Original link:tecdat.cn/?p=8491

 

Principal component analysis (PCA) is a data dimension reduction technique, which can transform a large number of related variables into a group of few unrelated variables, which are called principal components. For example, PCA can be used to transform 30 related (and probably redundant) environmental variables into five unrelated component variables while preserving as much information as possible from the original data set.

 

Principal component analysis model, variables (X1 to X5) map to principal components (PC1,PC2)

The general steps of PCA analysis are as follows:

  1. Data preprocessing. PCA deduces results based on correlations between variables. Users can input the raw data matrix or correlation coefficient matrix into principal() and FA () functions for calculation. Make sure there are no missing values in the data before calculation.
  2. Determine the number of principal components to select (no factor analysis is involved here).
  3. Select the principal component (rotation is not involved here).
  4. Explain the results.
  5. Calculate the principal component score.

The goal of PCA is to replace a large number of related variables with a small group of unrelated variables, while preserving the information of the initial variables as much as possible. These derived variables are called principal components, and they are linear combinations of observed variables. If the first principal component is:

It is a weighted combination of K observed variables and has the greatest explanatory effect on the variance of the initial set of variables. The second principal component is also a linear combination of the initial variables, with the second most explanatory difference and orthogonal to the first principal component. Each of the following principal components maximizes the degree of explanation of its difference, and is orthogonal to all of the preceding principal components. We all want to be able to explain all the variables with fewer principal components.

The data set USJudgeRatings contains lawyers’ ratings of U.S. Supreme Court judges. The data box contains 43 samples and 12 variables:

The question then arises: is it possible to summarize the 12-variable assessment information with fewer variables? If so, how many? How do you define them?

Firstly, the number of principal components is judged. Here, Cattell gravel test is used to show the relationship between eigenvalues and principal components. The general principle is that the eigenvalue of the number of principal components to be retained should be greater than 1 and greater than the eigenvalue of parallel analysis. Let’s go straight to the diagram:

Evaluate the number of principal components to be retained in the rating of JUDGES in the United States. The lithograph (line and x symbol), the criterion of eigenvalues greater than 1 (horizontal line), and the parallel analysis of 100 simulations (dotted line) all show that retaining a principal component is sufficient

It can be seen that only the eigenvalue of the left-handed Component Number 1 is greater than 1 and the eigenvalue of the parallel analysis. So selecting a principal component preserves most of the data set. The next step is to pick out the corresponding principal component using the principal() function.

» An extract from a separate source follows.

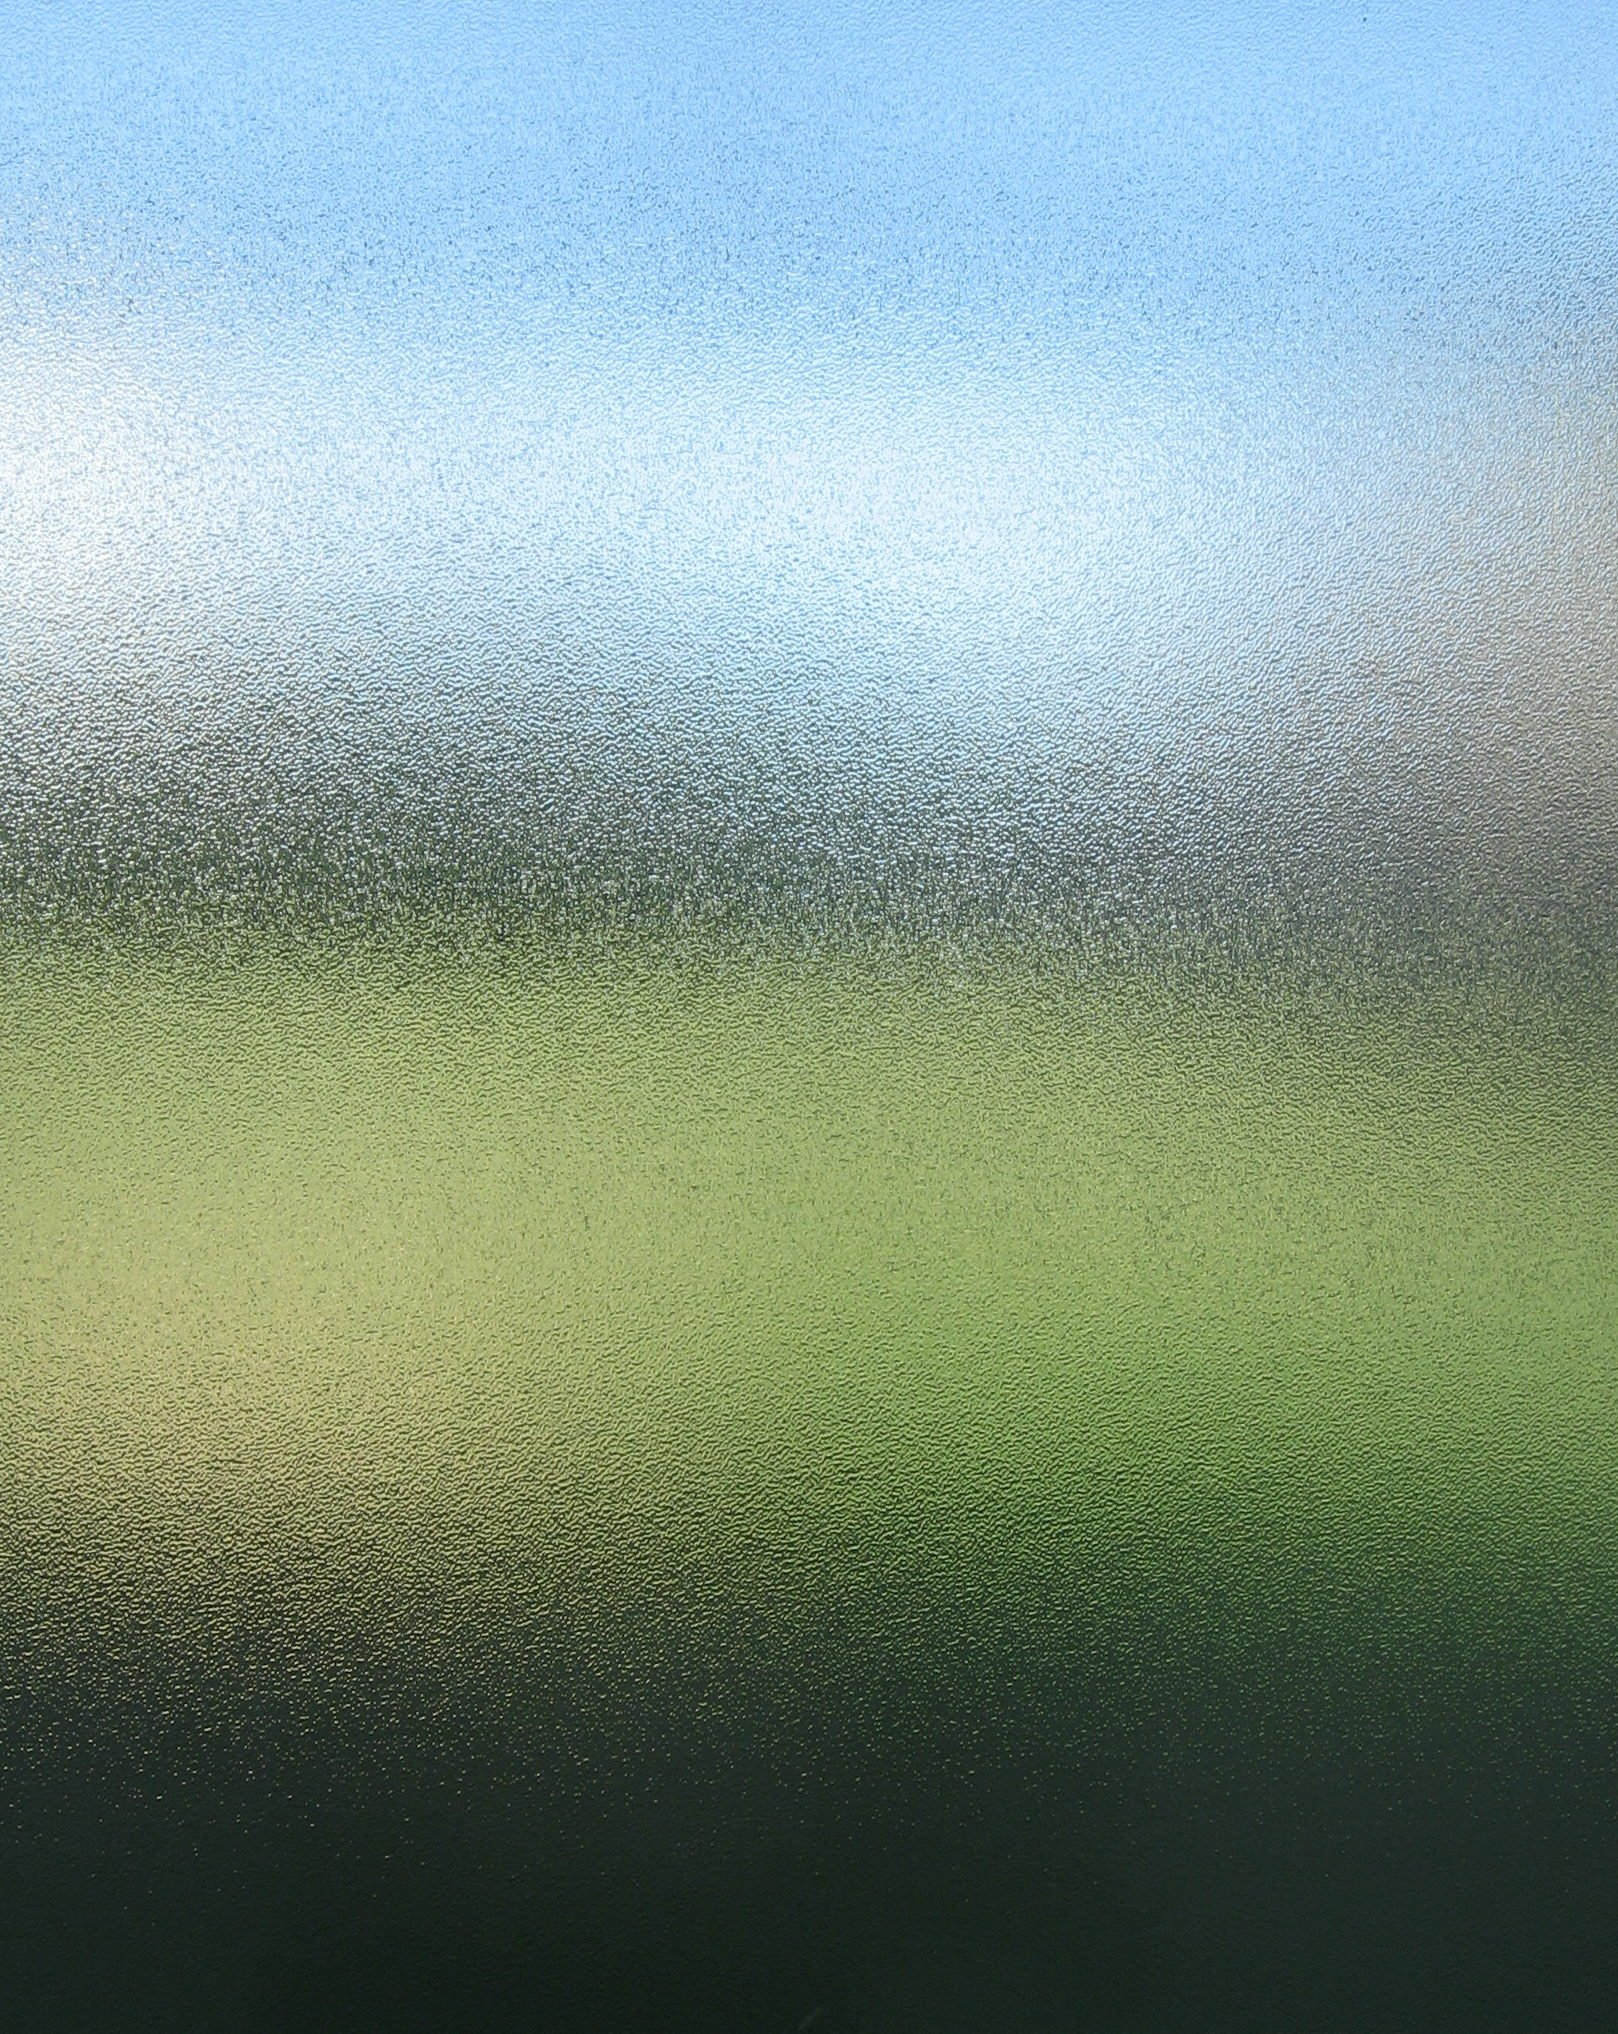 vitrerie miroiterie verre d poli acide verre clair d poli acide vitrage intimit satin. Black Bedroom Furniture Sets. Home Design Ideas
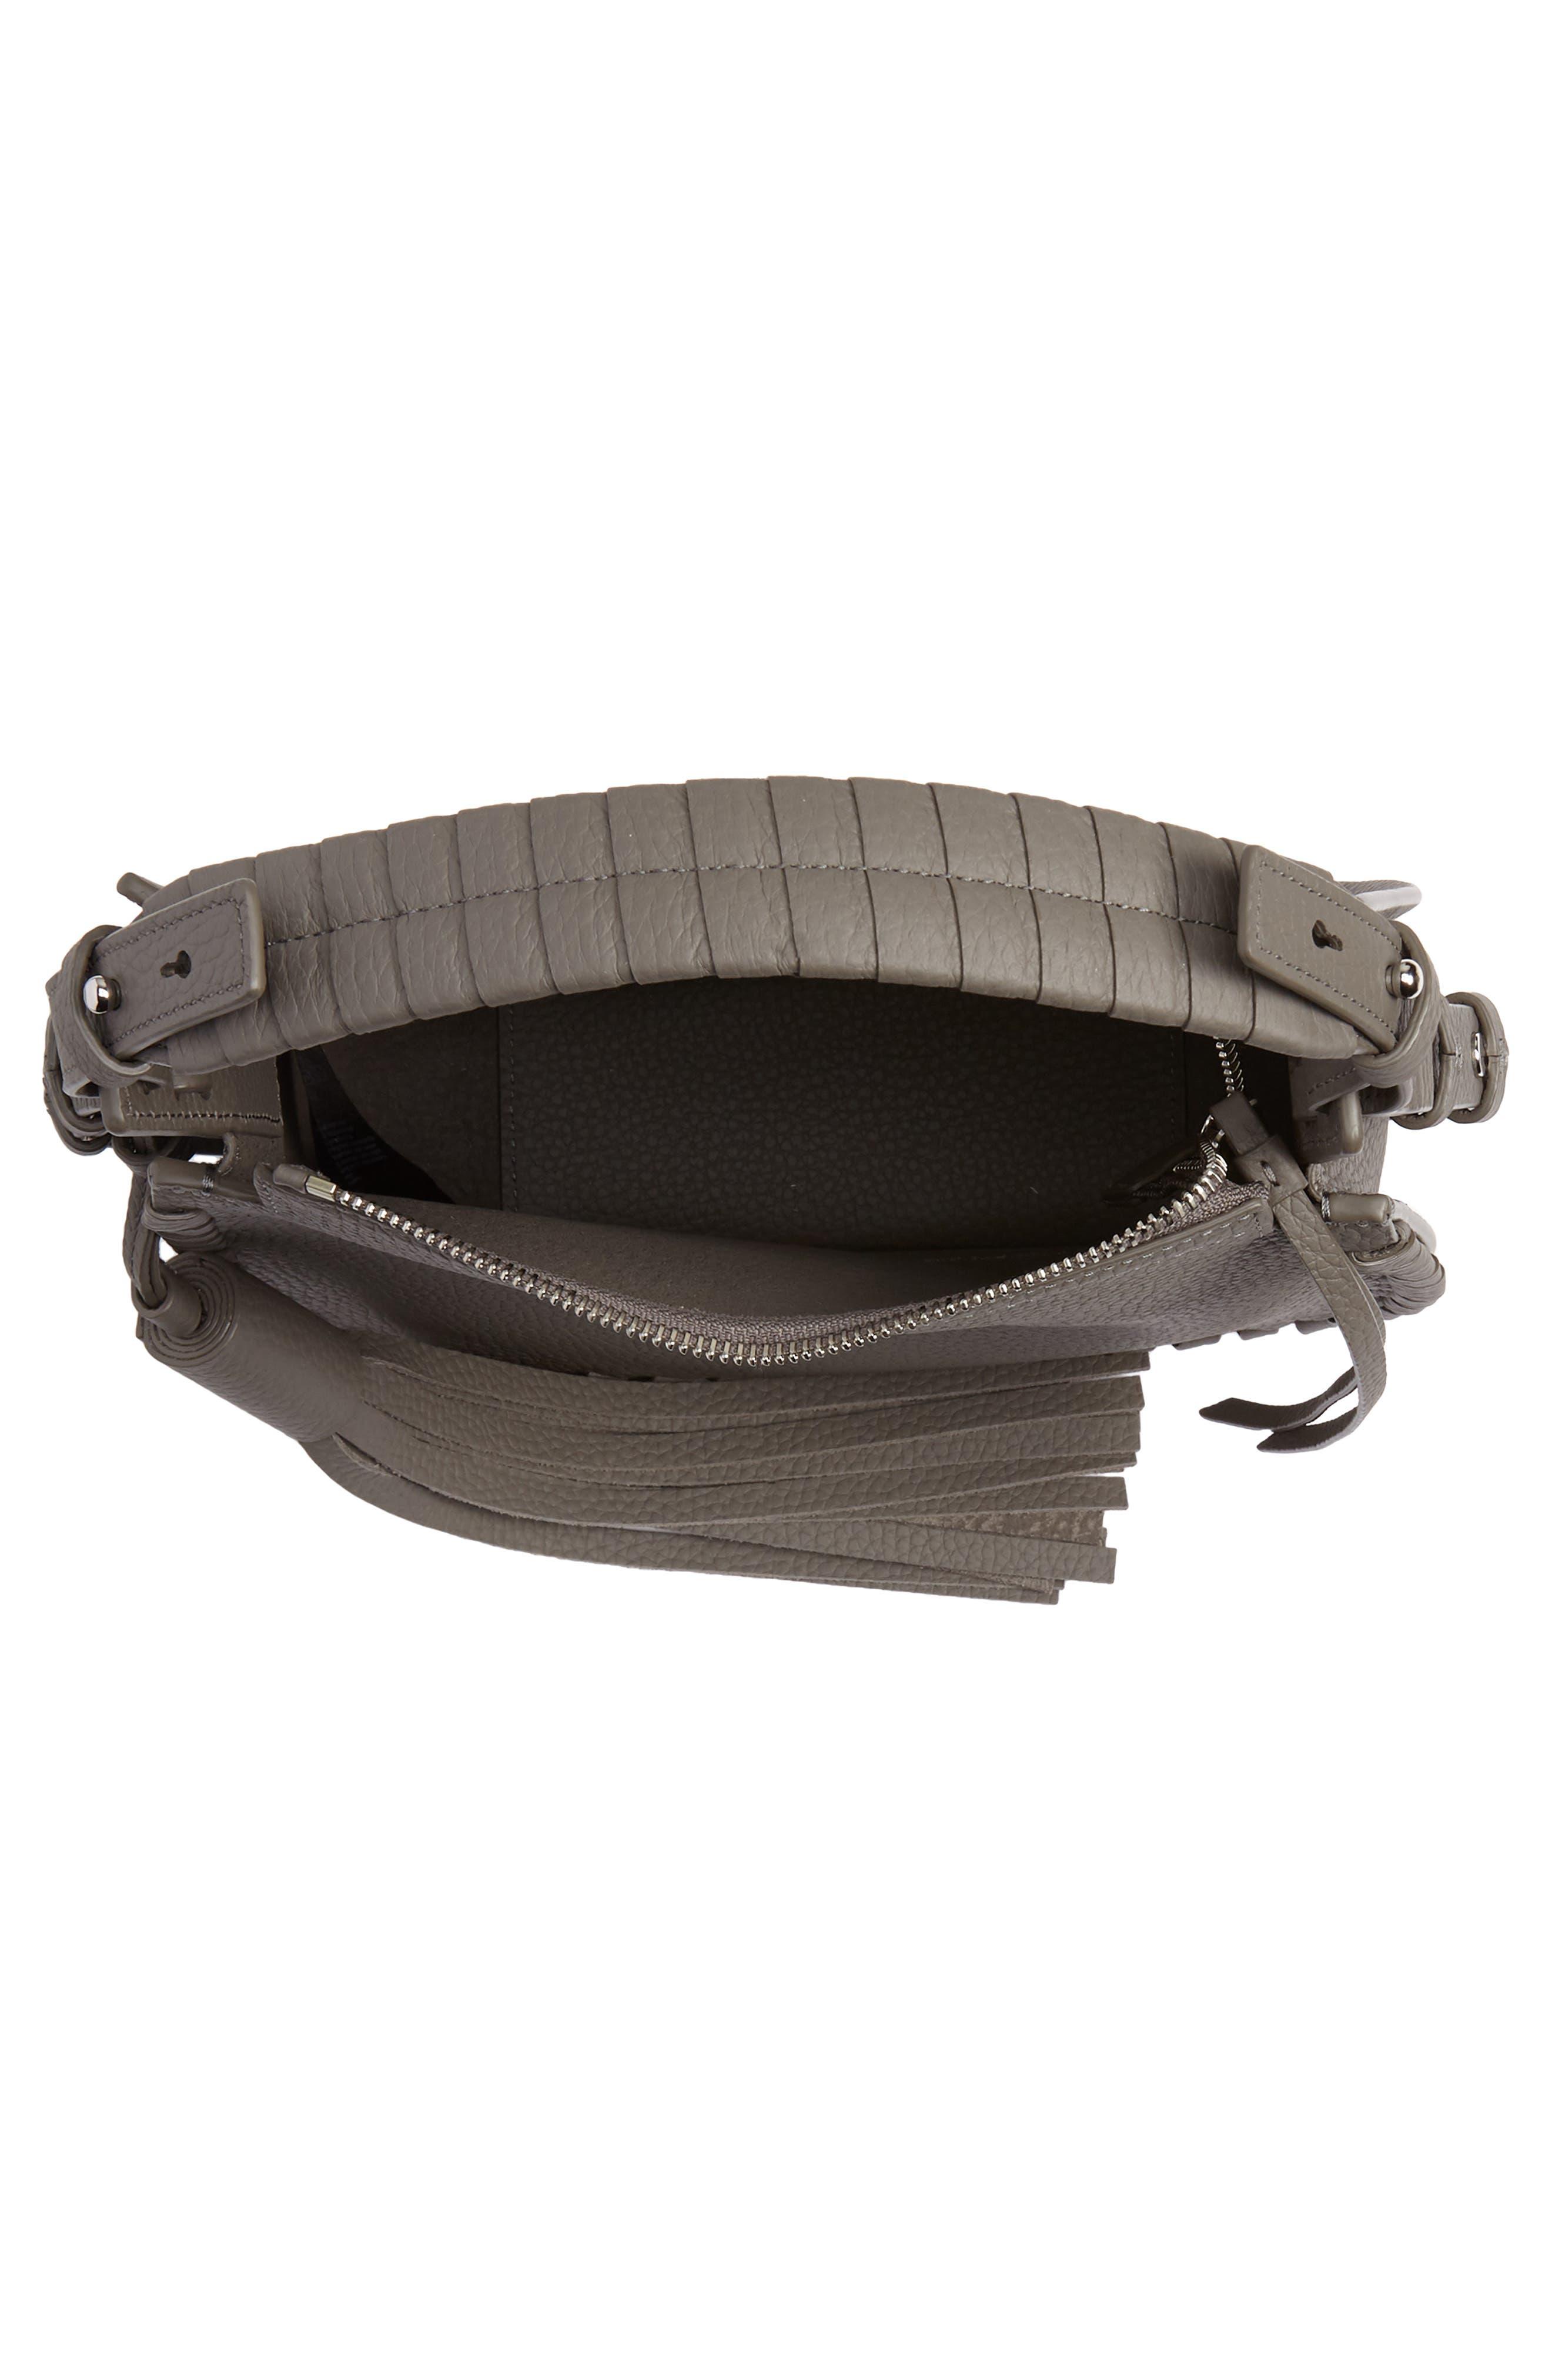 Mori Leather Crossbody Bag,                             Alternate thumbnail 4, color,                             STORM GREY

It can be seen that the first principal component (PC1) is highly correlated with almost every variable (except CONT), that is, it is a dimension that can be used for general evaluation. The h2 column refers to the variance of the component common factor — the degree to which the principal component explains the variance of each variable. Column U2 refers to component uniqueness — the proportion of variance that cannot be explained by principal components (1-h2). The SS Loadings line contains the eigenvalues associated with the principal component, referring to the normalized value of the variance associated with a particular principal component (in this case, the first principal component has a value of 10). Finally, the Proportion Var line indicates the degree to which each principal component explains the entire data set. Here you can see that the first principal component explains 84% of the 12 variables.

PC1$scores

Principal component score

Since the correlation between variable CONT and PC1 is too low, that is, PC1 cannot represent CONT, we add a principal component PC2 to represent CONT. Combined with the push of the previous period, the diagram is as follows:

It can be seen that PC1(84.4%) and PC2(9.2%) can explain the degree of 93.6 of the 12 variables. All the other 11 variables except CONT have a good correlation with PC1, so PC1 is basically skew with these 11 variables, while CONT cannot be represented by PC1, so it is basically orthogonal and vertical with PC1. PC2 is basically parallel to CONT, indicating that it can basically represent CONT.